### WHAT THE TASK REQUIRES
All the data should be printed again exactly as written.

### SUPPLIED ENTRIES
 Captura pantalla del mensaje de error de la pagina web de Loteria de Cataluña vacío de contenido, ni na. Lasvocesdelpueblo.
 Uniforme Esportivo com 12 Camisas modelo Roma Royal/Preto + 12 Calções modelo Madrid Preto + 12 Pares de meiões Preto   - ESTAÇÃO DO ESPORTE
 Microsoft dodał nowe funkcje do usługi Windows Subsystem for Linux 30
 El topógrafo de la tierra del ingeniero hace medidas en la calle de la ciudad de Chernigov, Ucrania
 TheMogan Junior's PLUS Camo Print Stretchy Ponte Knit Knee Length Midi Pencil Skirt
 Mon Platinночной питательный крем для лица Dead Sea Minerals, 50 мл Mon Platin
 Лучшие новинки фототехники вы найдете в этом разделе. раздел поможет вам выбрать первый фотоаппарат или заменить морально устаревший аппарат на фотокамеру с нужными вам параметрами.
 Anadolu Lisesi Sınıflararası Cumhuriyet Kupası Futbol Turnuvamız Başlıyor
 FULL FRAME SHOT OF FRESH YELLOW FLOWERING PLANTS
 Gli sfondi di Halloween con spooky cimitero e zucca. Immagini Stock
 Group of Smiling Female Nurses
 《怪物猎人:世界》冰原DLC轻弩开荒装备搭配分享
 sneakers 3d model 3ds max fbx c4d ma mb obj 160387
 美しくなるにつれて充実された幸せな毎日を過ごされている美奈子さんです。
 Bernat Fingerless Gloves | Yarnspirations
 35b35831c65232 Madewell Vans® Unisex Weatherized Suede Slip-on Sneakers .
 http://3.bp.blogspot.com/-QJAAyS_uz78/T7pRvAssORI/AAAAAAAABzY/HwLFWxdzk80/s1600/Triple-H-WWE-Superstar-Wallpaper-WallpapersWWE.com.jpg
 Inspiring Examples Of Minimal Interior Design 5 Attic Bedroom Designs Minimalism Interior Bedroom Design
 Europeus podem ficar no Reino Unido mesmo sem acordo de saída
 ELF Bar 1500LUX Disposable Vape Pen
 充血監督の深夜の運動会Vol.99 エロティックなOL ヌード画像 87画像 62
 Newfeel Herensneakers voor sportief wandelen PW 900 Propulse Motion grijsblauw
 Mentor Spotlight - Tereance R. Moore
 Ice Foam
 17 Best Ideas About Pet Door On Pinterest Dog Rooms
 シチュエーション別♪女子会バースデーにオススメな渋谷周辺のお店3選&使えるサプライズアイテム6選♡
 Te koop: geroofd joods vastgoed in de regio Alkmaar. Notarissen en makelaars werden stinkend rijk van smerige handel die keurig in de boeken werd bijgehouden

### RESULT
 Captura pantalla del mensaje de error de la pagina web de Loteria de Cataluña vacío de contenido, ni na. Lasvocesdelpueblo.
 Uniforme Esportivo com 12 Camisas modelo Roma Royal/Preto + 12 Calções modelo Madrid Preto + 12 Pares de meiões Preto   - ESTAÇÃO DO ESPORTE
 Microsoft dodał nowe funkcje do usługi Windows Subsystem for Linux 30
 El topógrafo de la tierra del ingeniero hace medidas en la calle de la ciudad de Chernigov, Ucrania
 TheMogan Junior's PLUS Camo Print Stretchy Ponte Knit Knee Length Midi Pencil Skirt
 Mon Platinночной питательный крем для лица Dead Sea Minerals, 50 мл Mon Platin
 Лучшие новинки фототехники вы найдете в этом разделе. раздел поможет вам выбрать первый фотоаппарат или заменить морально устаревший аппарат на фотокамеру с нужными вам параметрами.
 Anadolu Lisesi Sınıflararası Cumhuriyet Kupası Futbol Turnuvamız Başlıyor
 FULL FRAME SHOT OF FRESH YELLOW FLOWERING PLANTS
 Gli sfondi di Halloween con spooky cimitero e zucca. Immagini Stock
 Group of Smiling Female Nurses
 《怪物猎人:世界》冰原DLC轻弩开荒装备搭配分享
 sneakers 3d model 3ds max fbx c4d ma mb obj 160387
 美しくなるにつれて充実された幸せな毎日を過ごされている美奈子さんです。
 Bernat Fingerless Gloves | Yarnspirations
 35b35831c65232 Madewell Vans® Unisex Weatherized Suede Slip-on Sneakers .
 http://3.bp.blogspot.com/-QJAAyS_uz78/T7pRvAssORI/AAAAAAAABzY/HwLFWxdzk80/s1600/Triple-H-WWE-Superstar-Wallpaper-WallpapersWWE.com.jpg
 Inspiring Examples Of Minimal Interior Design 5 Attic Bedroom Designs Minimalism Interior Bedroom Design
 Europeus podem ficar no Reino Unido mesmo sem acordo de saída
 ELF Bar 1500LUX Disposable Vape Pen
 充血監督の深夜の運動会Vol.99 エロティックなOL ヌード画像 87画像 62
 Newfeel Herensneakers voor sportief wandelen PW 900 Propulse Motion grijsblauw
 Mentor Spotlight - Tereance R. Moore
 Ice Foam
 17 Best Ideas About Pet Door On Pinterest Dog Rooms
 シチュエーション別♪女子会バースデーにオススメな渋谷周辺のお店3選&使えるサプライズアイテム6選♡
 Te koop: geroofd joods vastgoed in de regio Alkmaar. Notarissen en makelaars werden stinkend rijk van smerige handel die keurig in de boeken werd bijgehouden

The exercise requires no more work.